It was nearly forty summers ago, in a small, sleepy town, tucked away in a near forgotten corner of the country, that a fellowship of friends, young men and women bold by their youth but wise beyond their years, awoke in their hearts and minds. As if roused from an evil spell that had set them to slumber, they heard the clear calling of the Old Gods, echoing across the ages, resounding from the ancient Saxon forests that their forebears had once called home. These were the first contemporary Heathens, a merry yet mysterious band who dedicated themselves to reviving the religion of Wóden, the father of gods and rider of the World Tree, and Fríge, the mother of earth and lady of love. They believed that their renewal of the old belief was a return to a holy, affirming, world accepting, life giving, and joyous religion. This renewal they named Théodish Belief, the belief of the folk, the belief of the tribe.
If there’s a bustle in your hedgerow
Don’t be alarmed now
It’s just a spring clean
For the May queen
Yes, there are two paths you can go by
But in the long run
There’s still time to change
The road you’re on
– Led Zeppelin, “Stairway to Heaven”
One may ask, why? Why renew a root so far forgotten in the past, one so buried beneath layers of Christian history? Because Heathens, then and now, verily believe in our heart of hearts that this “Way of the Heathen” is the surest, soothest, tried and true means by which men and women may be roused from the spiritual laziness, apathy, and savage selfishness that modern religion has afforded them. We believe that we, Wóden’s own, the descendents of the Anglo-Saxons, Norse, and Teutonic tribes, might yet renew the old belief . Furthermore, we believe our gods deserve no less. Our Heathen belief is, now as it was then, one worth believing. This world, despite the Christian’s denial and Atheist’s disbelief, is in truth a magical world, a world full of gods.
“You leave well enough alone Gisborne, or you may find
the old gods are not as dead as you think.”
– Abbot Hugo, Robin of Sherwood, “Lord of the Trees”
Though it may very well be difficult to imagine, you may be surprised by how much of the old religion you know already. You do, after all, know the names for the days of the week, Sunnandæg Mónandæg Tiwesdæg Wódnesdæg Þúnresdæg Frigedæg Sæturnesdæg – Sun’s Day/Sunday, Moon’s Day/Monday, Tiw’s Day/Tuesday, Woden’s Day/Wednesday, Thunor’s Day/Thursday, Fríge’s Day/Friday, Saturn’s Day/Saturday. And it would probably not be too great an assumption to think you know the goddess of the Spring, Eostre/Easter, and the hares who so openly show her fertility and fecundity, the new life that she brings to the land once Winter has begun to wane. Dare we say you’ve mostly likely heard of Lent, the lengthening of the days that comes with the Spring, and May Day as well.
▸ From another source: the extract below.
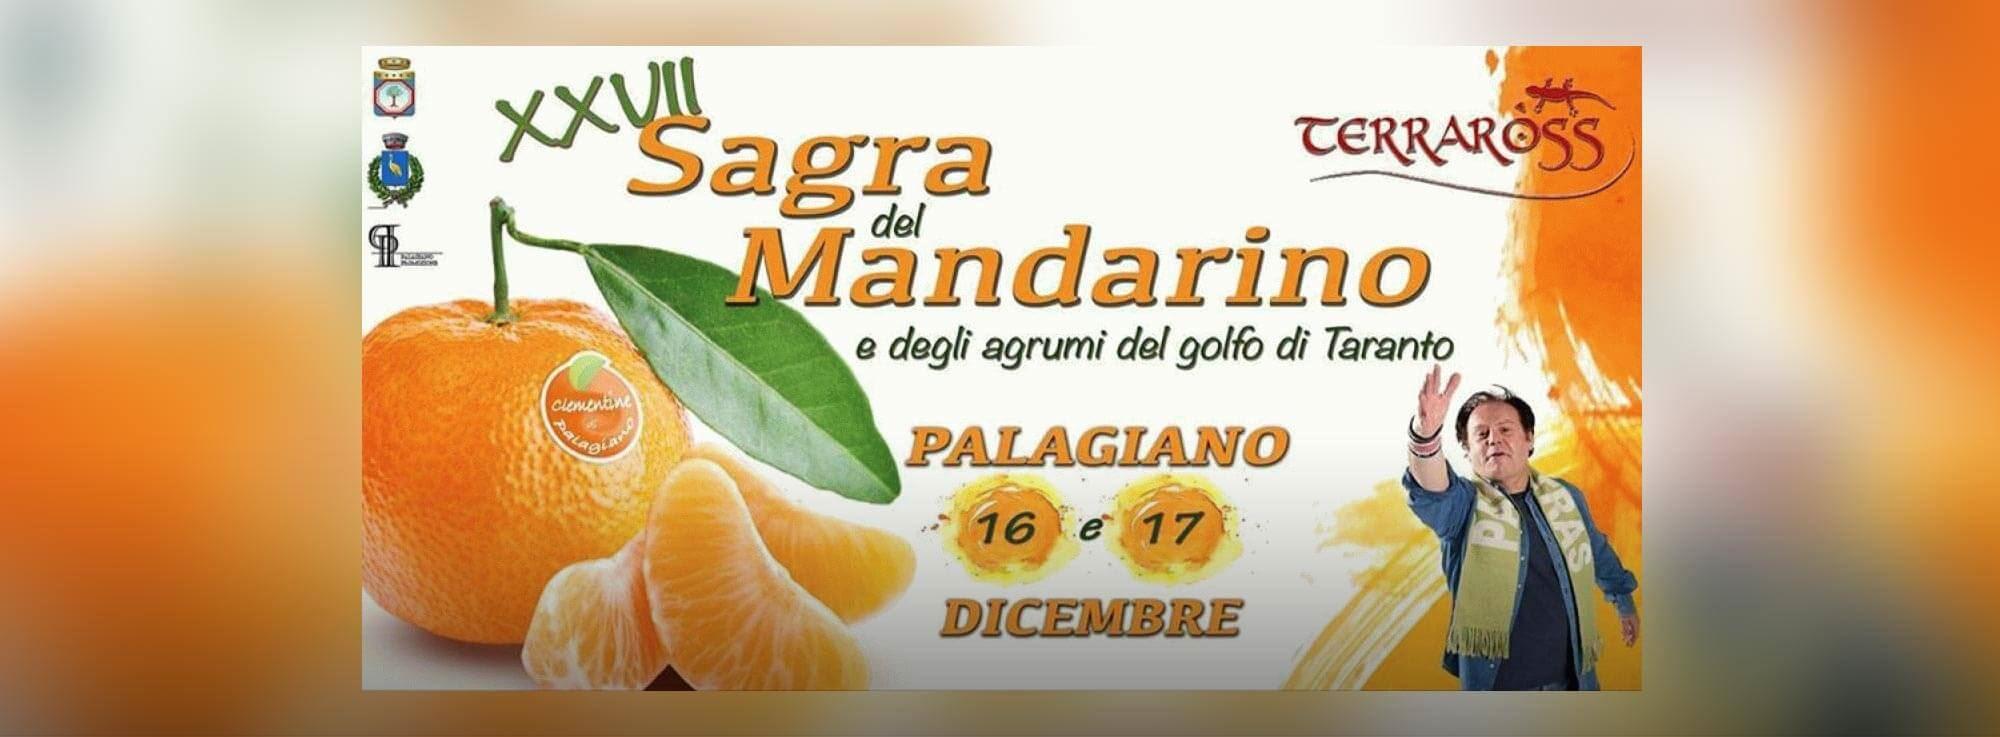 Palagiano: Sagra del Mandarino

Our friend, you already know of Yule/Christmas, its yuletide carols, the decking of the halls with balls of holly and evergreen, the tree, the log, the gifts, and the joyful wassailing thereof. In the late Autumn, you already gather for a thanksgiving, to give thanks for the harvest. Mother Earth, Robin Hood, King Arthur, and Beowulf are already known to you, even if John Barleycorn and Weyland the Smith should require reintroduction.
No matter what you may have been told, the old gods are not dead, and the old religion has lived anew for quite some time now. Should you find your soul stirring, should you find your taper lit, and should you hear the winds as they blow through the forests of old, by all means friend, speak up. There are others who have gathered in the forest before you.